As used herein, the term “field” (sometimes referred to as an “oil and gas field” or a “hydrocarbon field”) refers to an area for which hydrocarbon production operations are to be performed to provide for the extraction of hydrocarbon fluids from one or more corresponding subterranean formation.

The term “fracture” refers to a crack or surface of breakage induced by an applied pressure or stress within a subterranean formation.

As used herein, the term “fracture conductivity” or “hydraulic fracture conductivity” refers to the ability of a fluid to flow through a fracture at various stress (or pressure) levels, which is based, at least in part, on the permeability and thickness of the fracture.

The term “hydraulic fracturing” refers to a process for creating fractures that extend from a wellbore into a reservoir, so as to stimulate the flow of hydrocarbon fluids from the reservoir into the wellbore. A fracturing fluid is generally injected into the reservoir with sufficient pressure to create and extend multiple fractures within the reservoir, and a proppant material is used to “prop” or hold open the fractures after the hydraulic pressure used to generate the fractures has been released.

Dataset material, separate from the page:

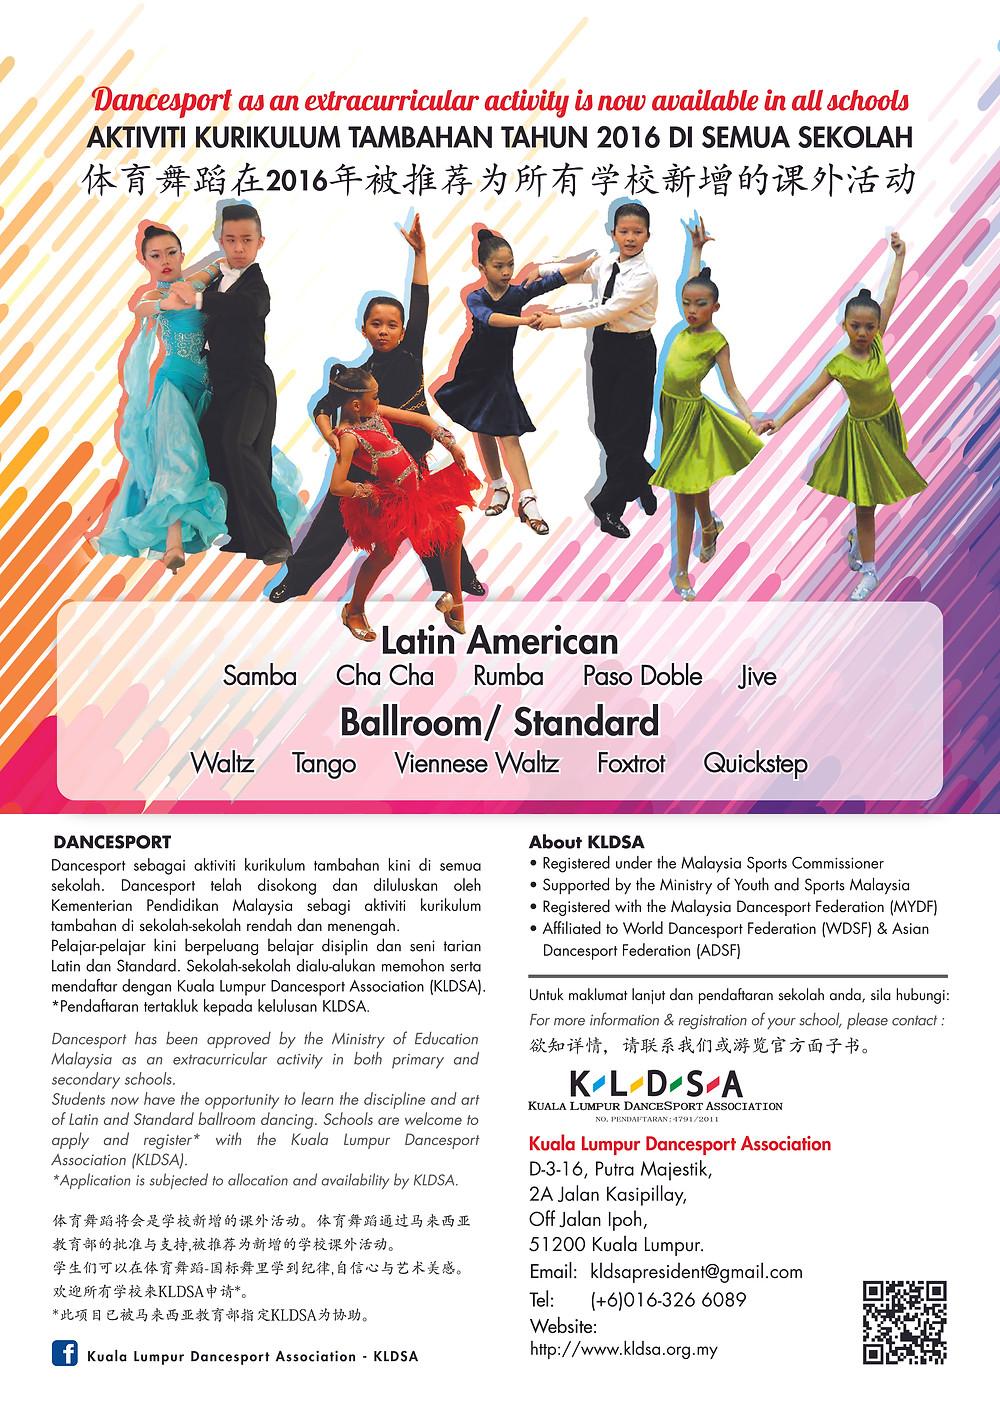 KLDSA School DanceSport Program Poster

As used herein, the term “proppant” refers to particles that are mixed with fracturing fluid to hold open fractures that are formed within a near-wellbore region of a reservoir using a hydraulic fracturing process. The size, shape, strength, and density of the proppant material have a significant impact on the hydraulic fracturing process. Currently, commercial proppant materials include natural proppants, such as natural sands, resin-coated natural sands, shell fragments, and the like, and artificial proppants, such as sintered bauxite and ceramics, resin-coated or metal-coated ceramics, carbon-based proppants, lightweight proppants, ultra-lightweight proppants, and the like.

The term “substantially,” when used in reference to a quantity or amount of a material, or a specific characteristic thereof, refers to an amount that is sufficient to provide an effect that the material or characteristic was intended to provide. The exact degree of deviation allowable may depend, in some cases, on the specific context.

As used herein, the term “surface” refers to the uppermost land surface of a land well, or the mud line of an offshore well, while the term “subsurface” (or “subterranean”) generally refers to a geologic strata occurring below the earth's surface. Moreover, as used herein, “surface” and “subsurface” are relative terms. The fact that a particular piece of equipment is described as being on the surface does not necessarily mean it must be physically above the surface of the earth but, rather, describes only the relative placement of the surface and subsurface pieces of equipment. In that sense, the term “surface” may generally refer to any equipment that is located above the casing strings and other equipment that is located inside the wellbore. Moreover, according to embodiments described herein, the terms “downhole” and “subsurface” are sometimes used interchangeably, although the term “downhole” is generally used to refer specifically to the inside of the wellbore.

The term “wellbore” refers to a borehole drilled into a subterranean formation. The borehole may include vertical, deviated, highly deviated, and/or horizontal sections. The term “wellbore” also includes the downhole equipment associated with the borehole, such as the casing strings, production tubing, gas lift valves, and other subsurface equipment. Relatedly, the term “hydrocarbon well” (or simply “well”) includes the wellbore in addition to the wellhead and other associated surface equipment.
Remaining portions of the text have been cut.